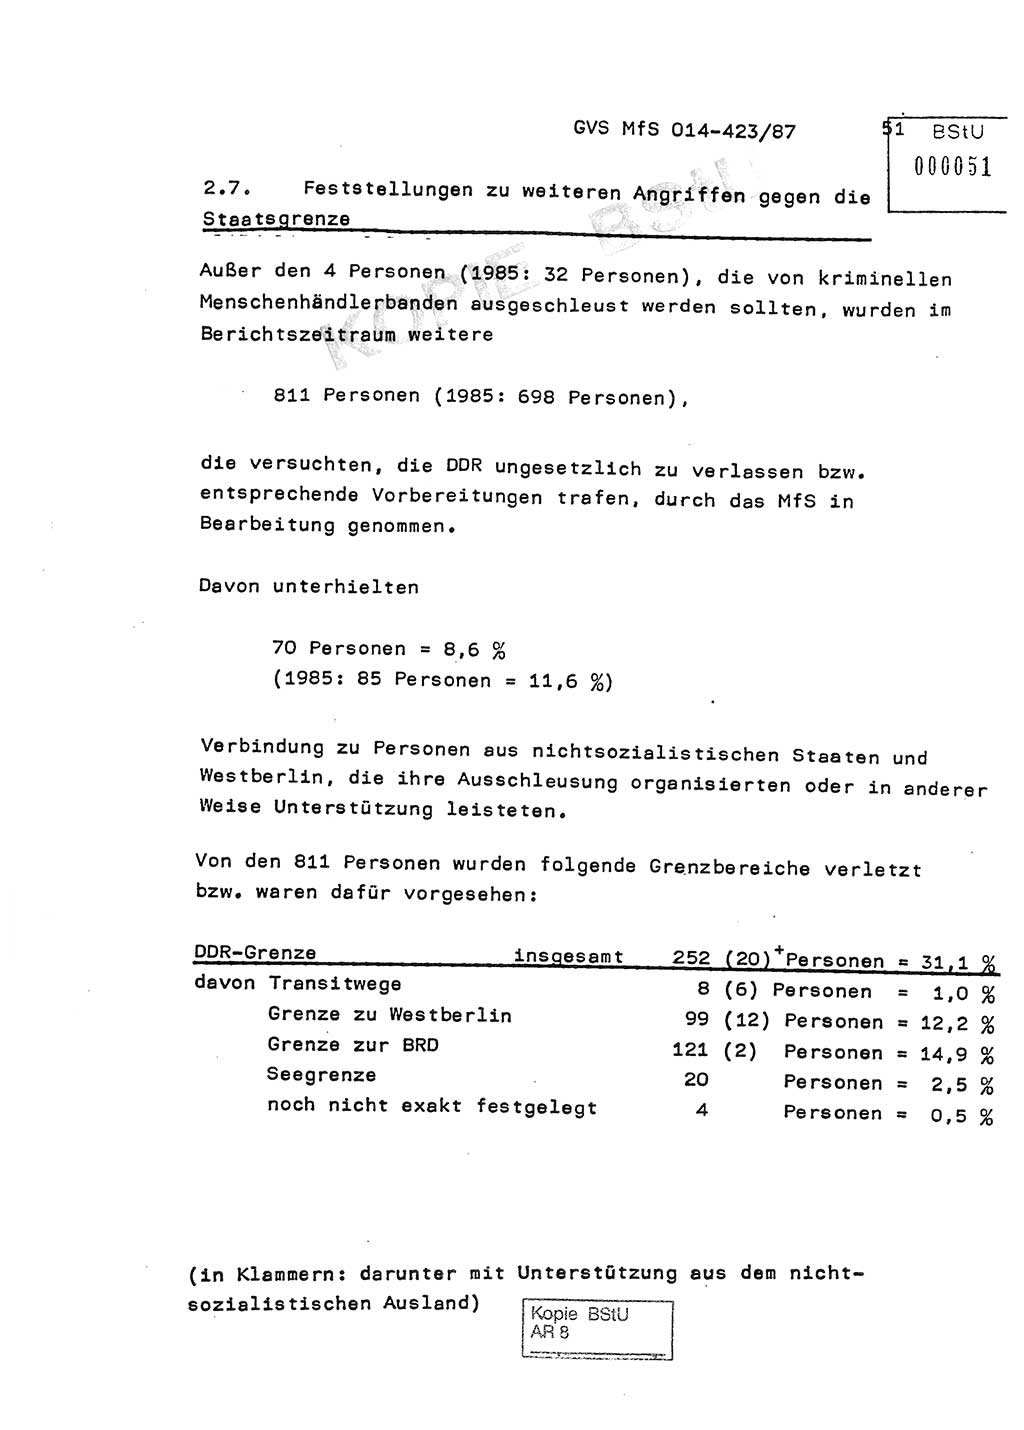 Jahresbericht der Hauptabteilung (HA) Ⅸ 1986, Einschätzung der Wirksamkeit der Untersuchungsarbeit im Jahre 1986, Ministerium für Staatssicherheit (MfS) der Deutschen Demokratischen Republik (DDR), Hauptabteilung Ⅸ, Geheime Verschlußsache (GVS) o014-423/87, Berlin 1987, Seite 51 (Einsch. MfS DDR HA Ⅸ GVS o014-423/87 1986, S. 51)
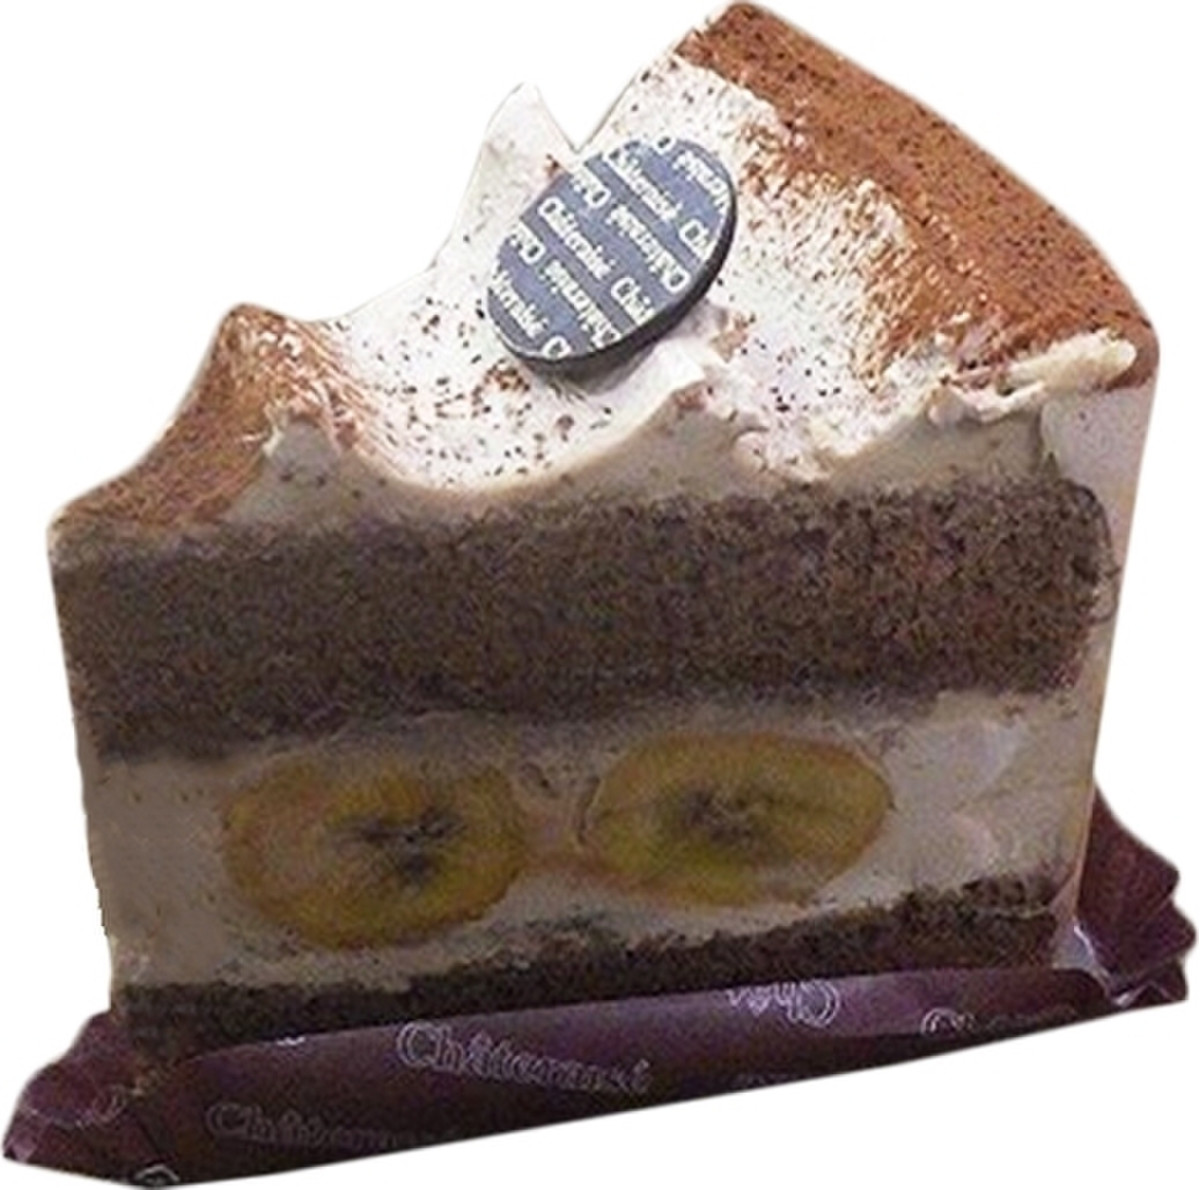 高評価 シャトレーゼ 甘熟王バナナ使用 パリパリチョコバナナケーキ 製造終了 のクチコミ 評価 カロリー 値段 価格情報 もぐナビ
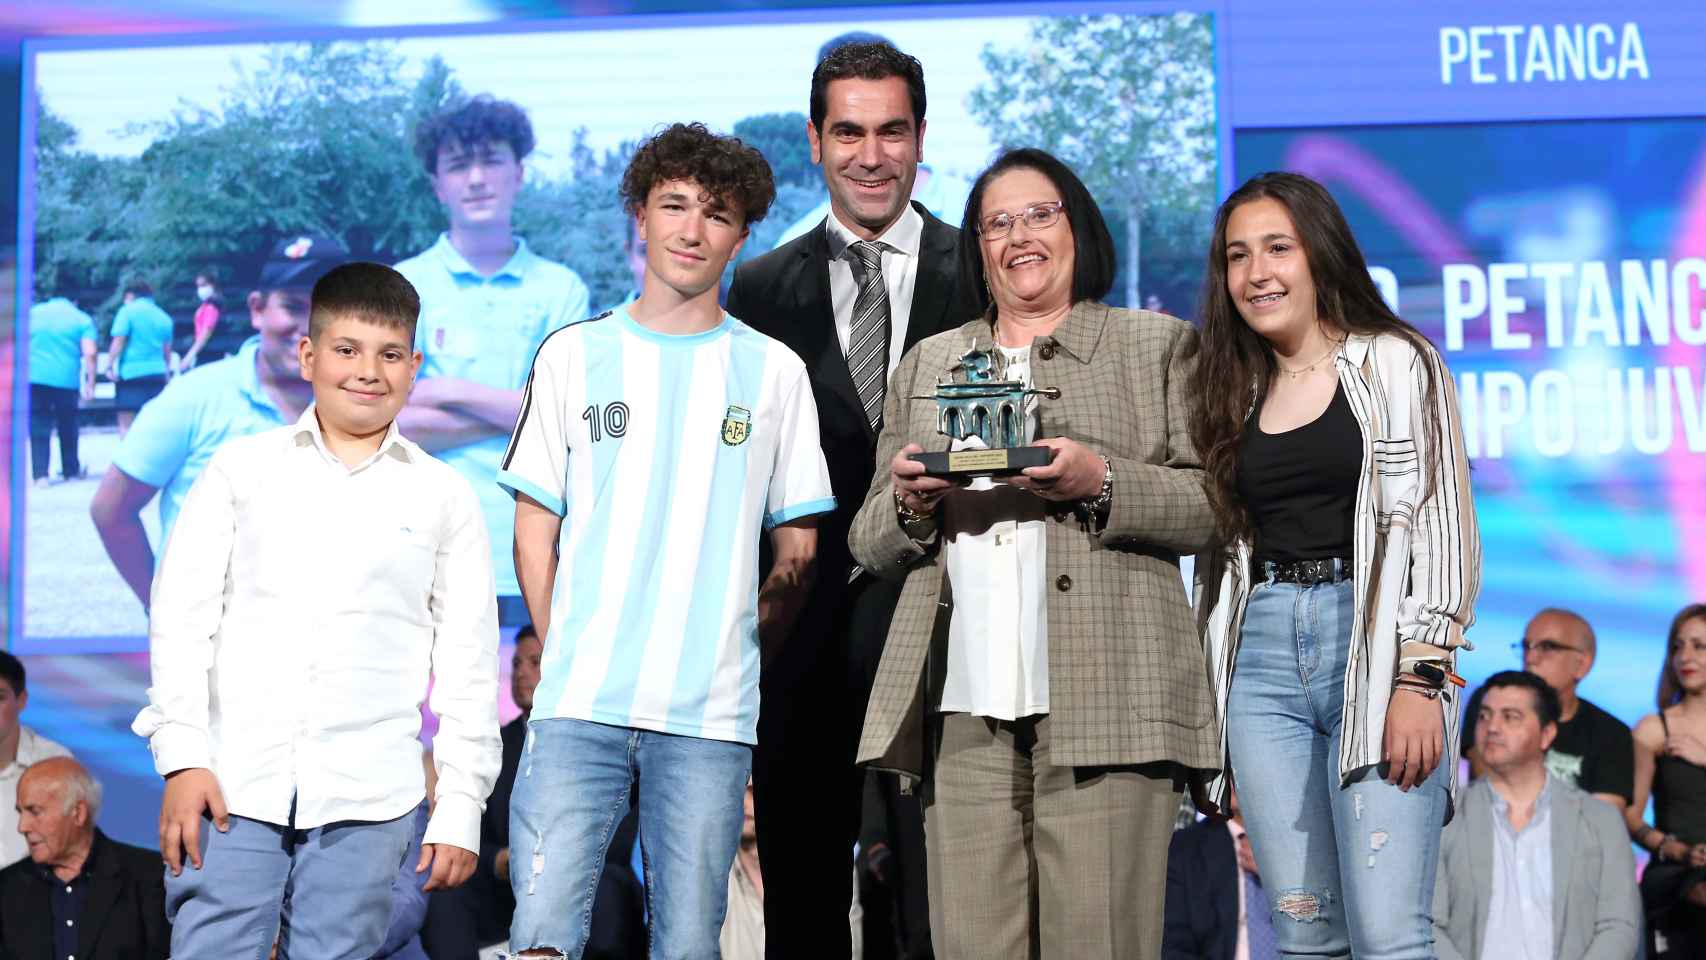 Recogida de premios en la Gala del Deporte de la Diputación de Toledo
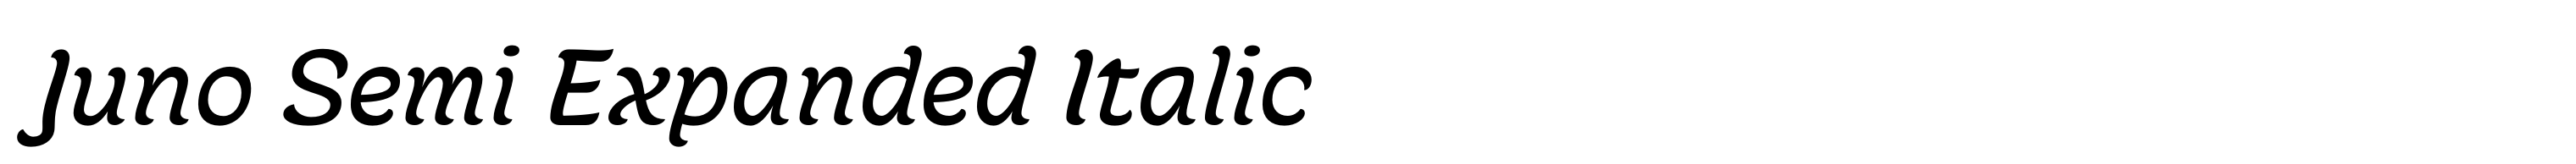 Juno Semi Expanded Italic

◇ ◇ ◇ ◇

Give back exactly the lines from the first line of the data through the line with "Recogida de premios", pictures excluded.

 Jahresbericht der Hauptabteilung (HA) Ⅸ 1986, Einschätzung der Wirksamkeit der Untersuchungsarbeit im Jahre 1986, Ministerium für Staatssicherheit (MfS) der Deutschen Demokratischen Republik (DDR), Hauptabteilung Ⅸ, Geheime Verschlußsache (GVS) o014-423/87, Berlin 1987, Seite 51 (Einsch. MfS DDR HA Ⅸ GVS o014-423/87 1986, S. 51)
 高評価 シャトレーゼ 甘熟王バナナ使用 パリパリチョコバナナケーキ 製造終了 のクチコミ 評価 カロリー 値段 価格情報 もぐナビ
 Recogida de premios en la Gala del Deporte de la Diputación de Toledo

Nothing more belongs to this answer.